WHAT THE TASK REQUIRES —
Any picture in the listing is left out of the copy; all else is duplicated exactly.

** Opening DATA SEGMENT block **

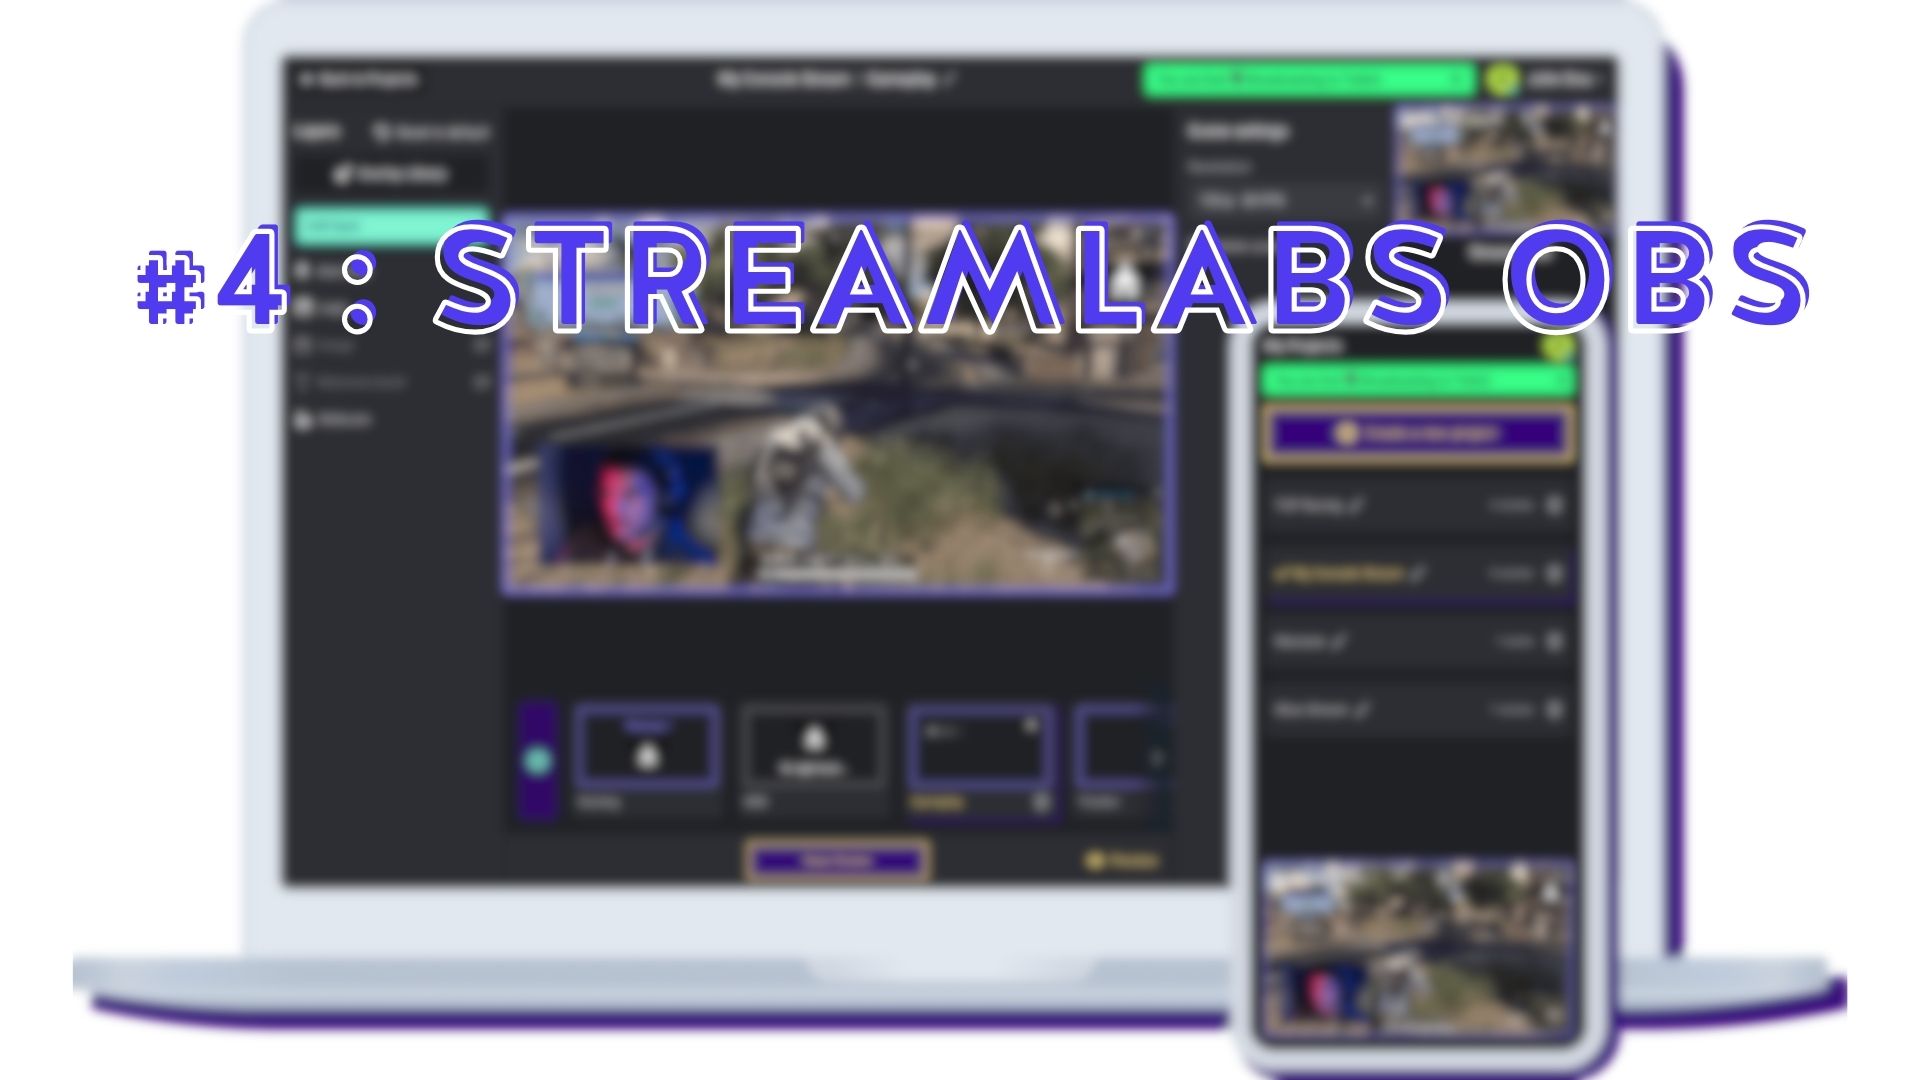 Stream labs OBS
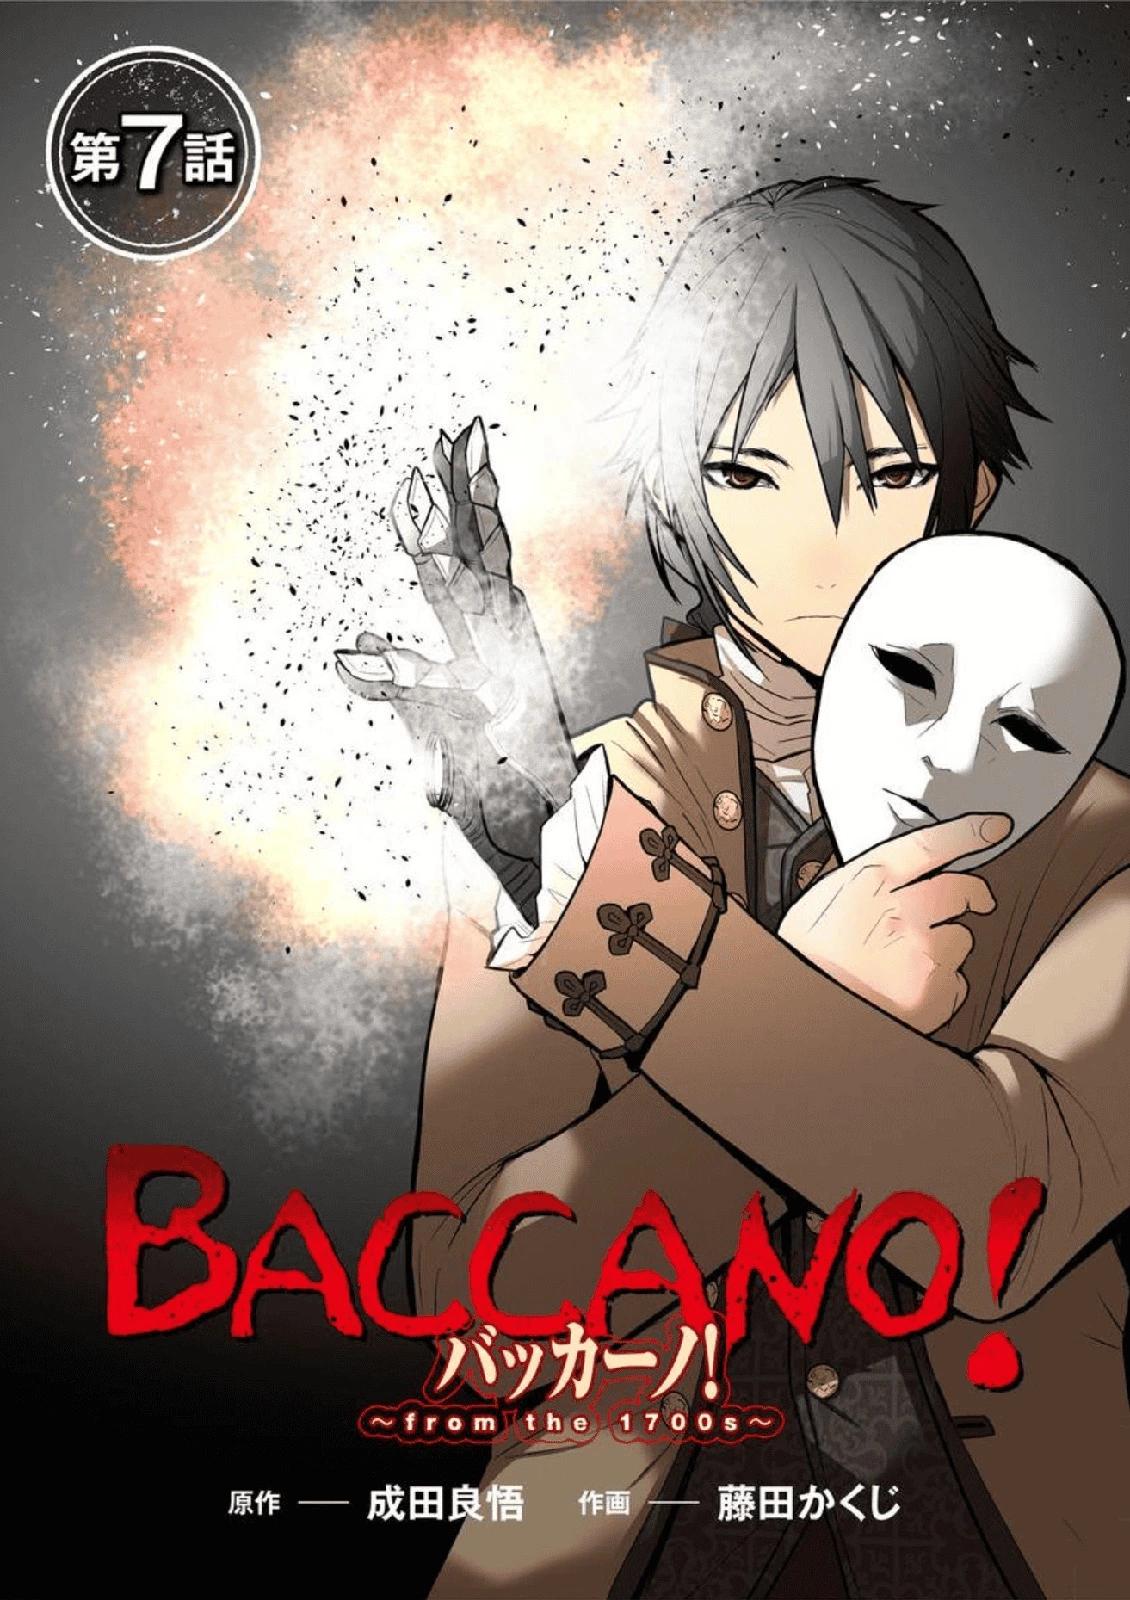 BACCANO! 永生之酒！~from the 1700s~ - 第07話 - 1
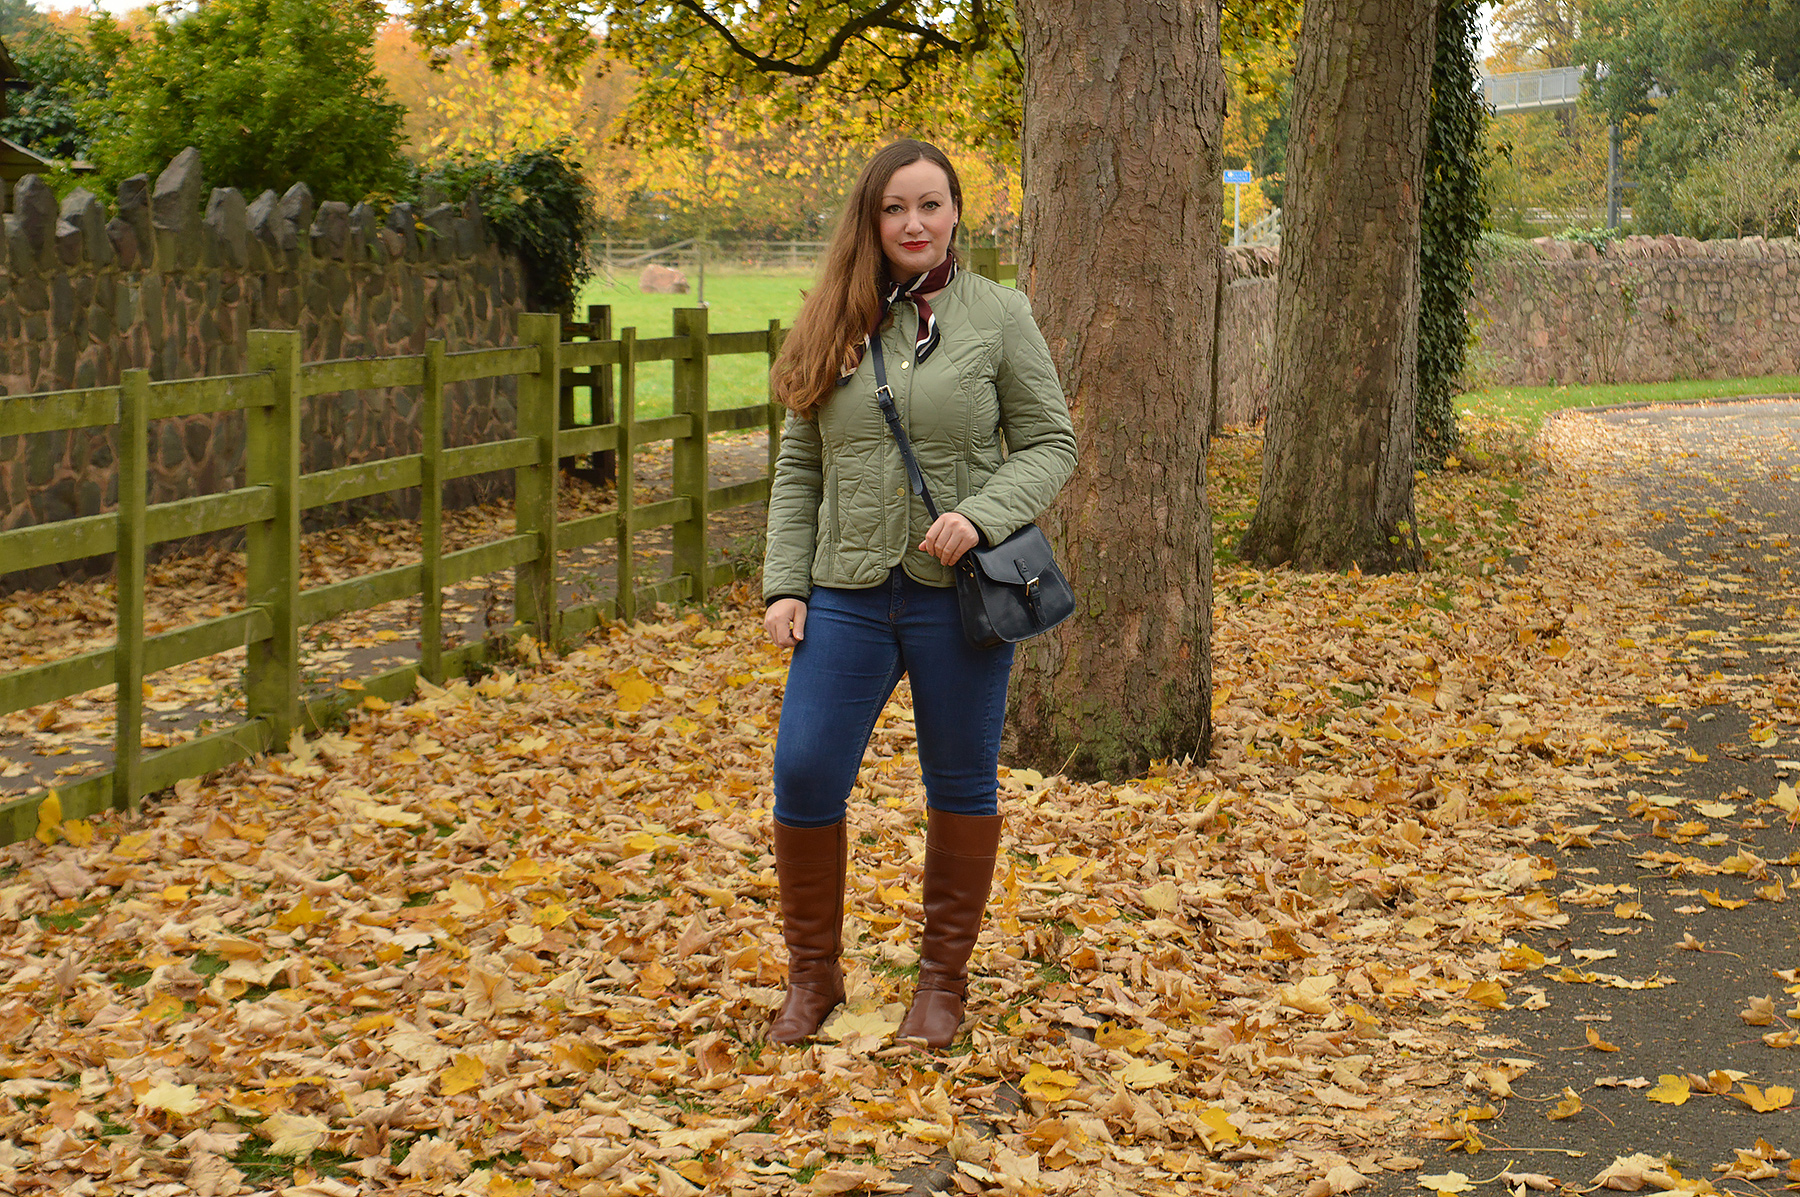 Joules Quilted Jacket Outfit Ideas

** Closing DATA SEGMENT block **

SOLUTION FOR THIS EXERCISE —
 Stream labs OBS
 BACCANO! 永生之酒！~from the 1700s~ - 第07話 - 1
 Joules Quilted Jacket Outfit Ideas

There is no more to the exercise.